Now, here what happens;
ddNTPs terminate the sequencing chain. Sometimes, the reaction doesn’t terminate at a correct nucleotide or position leading to partial unwanted extension. This generates additional peaks and results in background noise.
Polymerase errors:
Polymerase also produces errors during the synthesis process and contributes to significantly high background noise. Polymerase slippage in the repetitive regions and addition of wrong nucleotides are the major causes.
Technically, polymerase errors generate insertion or deletion type additional peak, and are actually background noise.
Signal degradation:
Signal degradation is almost always reported in every electropherogram at the beginning and end of the sequence. Henceforth, substantially high background noise is reported at the beginning and end of the sequence.
There are two reasons for these two artifacts.
Smaller fragments are difficult to resolve as they migrate faster. While larger fragments are resolved at the end with the least quality. In both cases, background noise is reported.
It is recommended to trim up to 50 nucleotides at the beginning and end of the trace to avoid these unresolved nucleotides.
Technical errors:
Lastly, a few types of technical and instrument errors can also produce continuous background noise. These are poor calibration, optical interference, electrical or instrumental problems etc.
How to Reduce background noise in Sanger sequencing?
Now in this section, I will give you stepwise troubleshooting for background noise and lastly, I will also give you some of the common tips that will mostly work for you!
Poor quality DNA template:
- Use a decent DNA extraction protocol to extract DNA, as per the sample type.
Strong Recommendation:
Use a ready-to-use spin column kit to extract the DNA.
- Assess DNA quality manually using a Nanodrop lite, Qubit fluorometer or simple agarose gel electrophoresis. Use only 1.80 (260/280 ratio) DNA.
- Use fresh DNA if possible.
- Store the DNA sample between -20°C or -80°C. This will maintain the integrity of the DNA.
- Dilute the DNA as per the sequencing requirement. Don’t use too high or low DNA concentration.
PCR amplification errors:
- Optimize primer designing to overcome primer dimer and non-specific amplification. Choose only a well-optimized and single-target primer.

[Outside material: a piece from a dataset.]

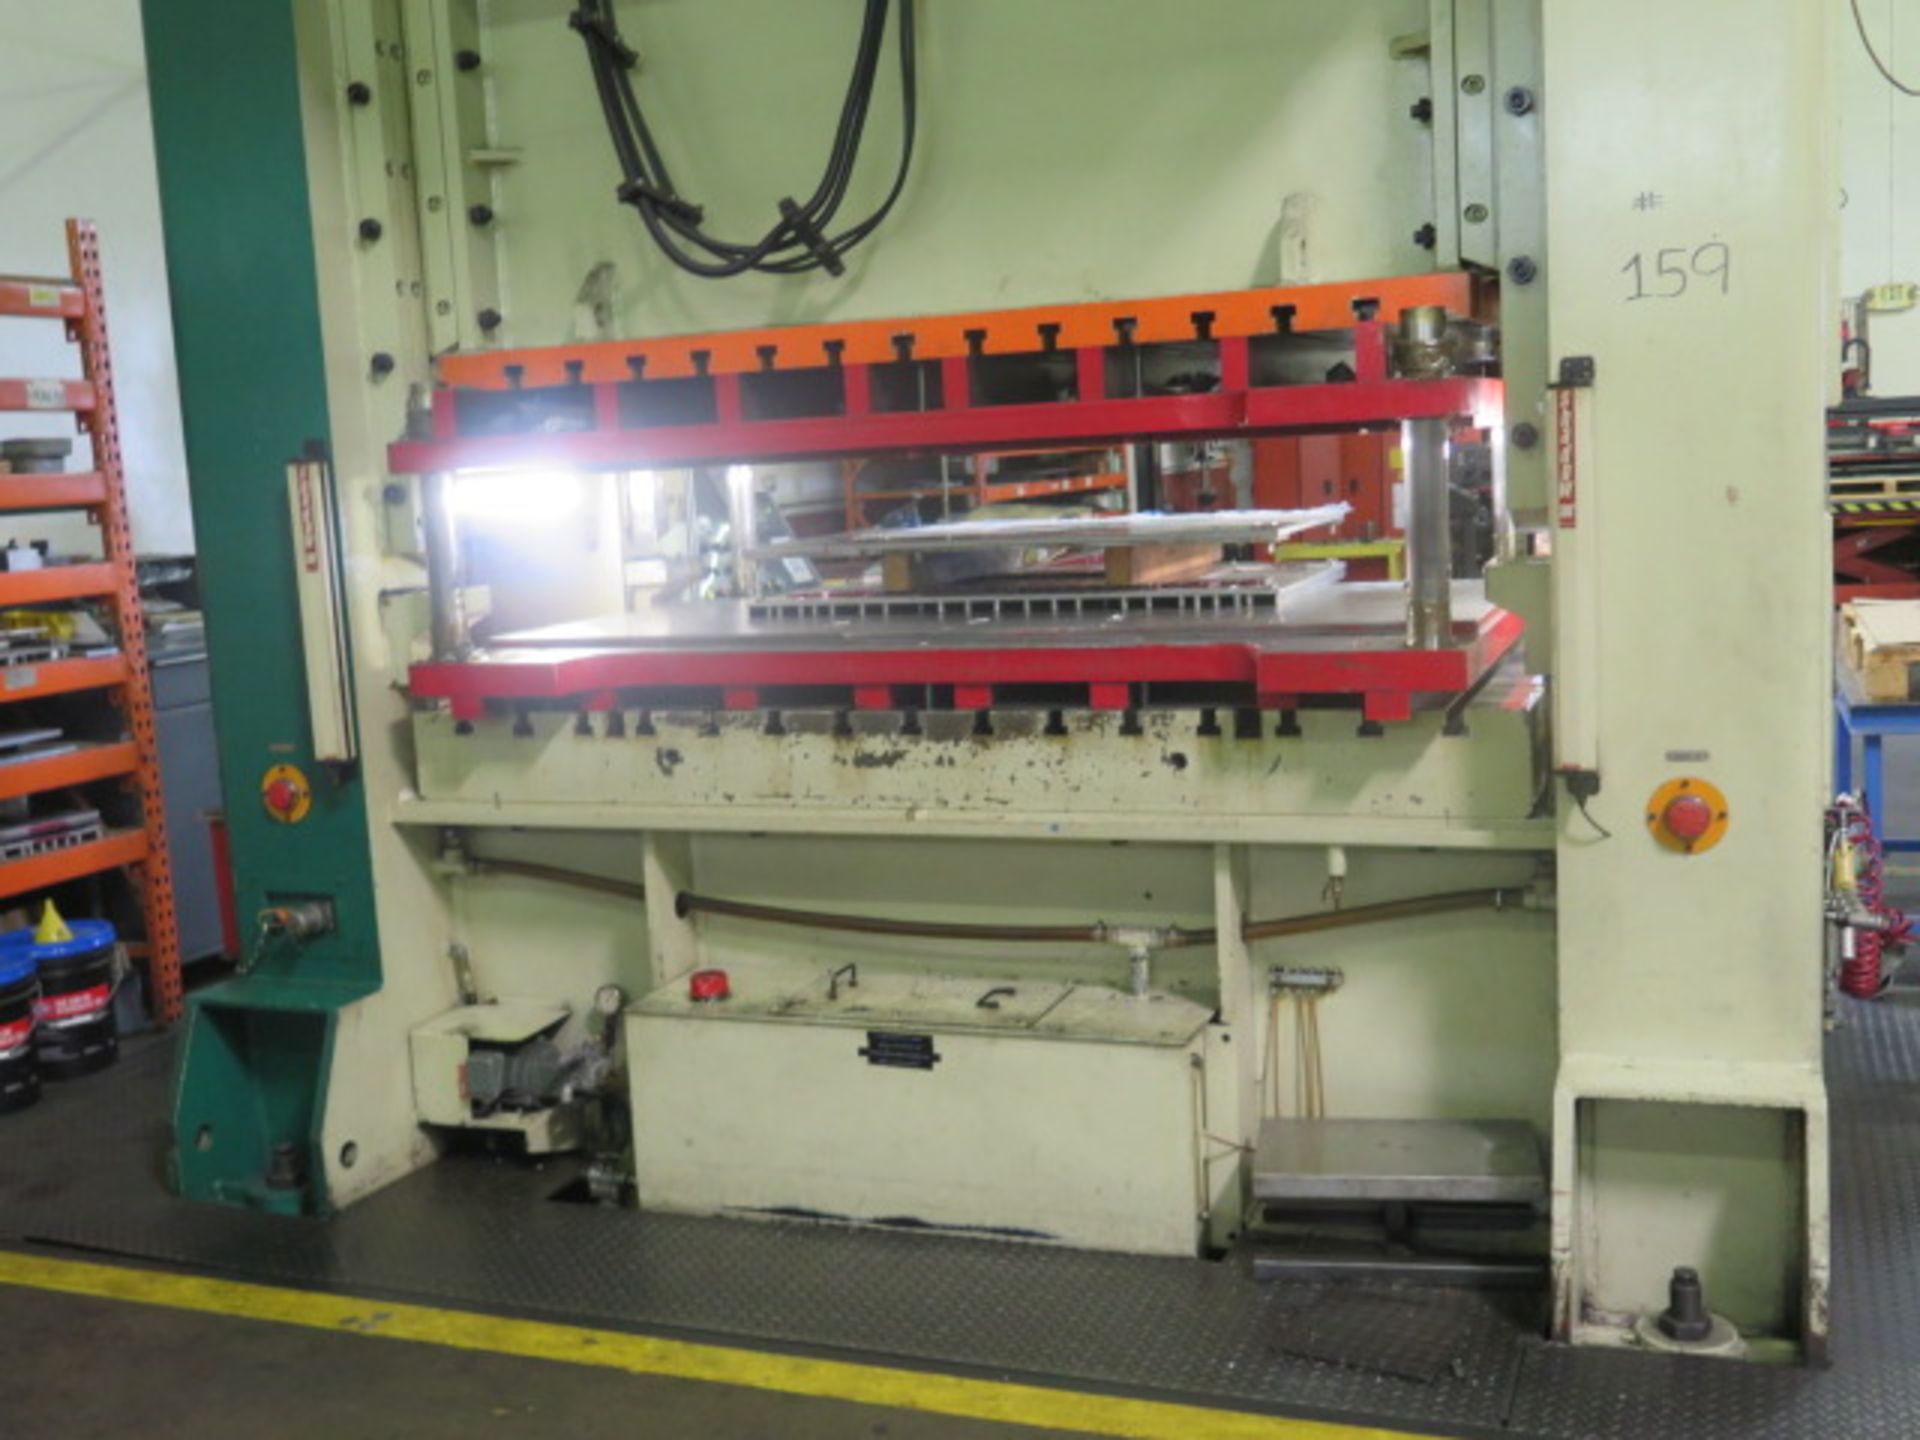 1997 Seyi HDS-275-H 275 Ton Gap Frame Double Crank Press s/n D275-045 w/ Seyi Controls, SOLS AS IS - Image 11 of 18

- Adjust PCR condition, for instance, annealing temperature to compromise the amplification and avoid non-specific binding and primer dimer.
- Use the appropriate number of PCR cycles. I recommend using 30 to 35 cycles.
- Use high fidelity DNA polymerase. This has proofreading activities that can reduce the chances of wrong nucleotide incorporation.
- Manually investigate contaminants, primer dimers and non-specific amplification by gel electrophoresis.
Strong recommendation:
Perform post-PCR purification to remove unused dNTPs, template DNA, polymerase or other ingredients.
- Indication: Following these steps reduces the chances of background noise by 80 to 85% (from personal experience).
Dye artifacts:
- Use a proper dye concentration. I recommend referring to the manufacturer’s guide for better results.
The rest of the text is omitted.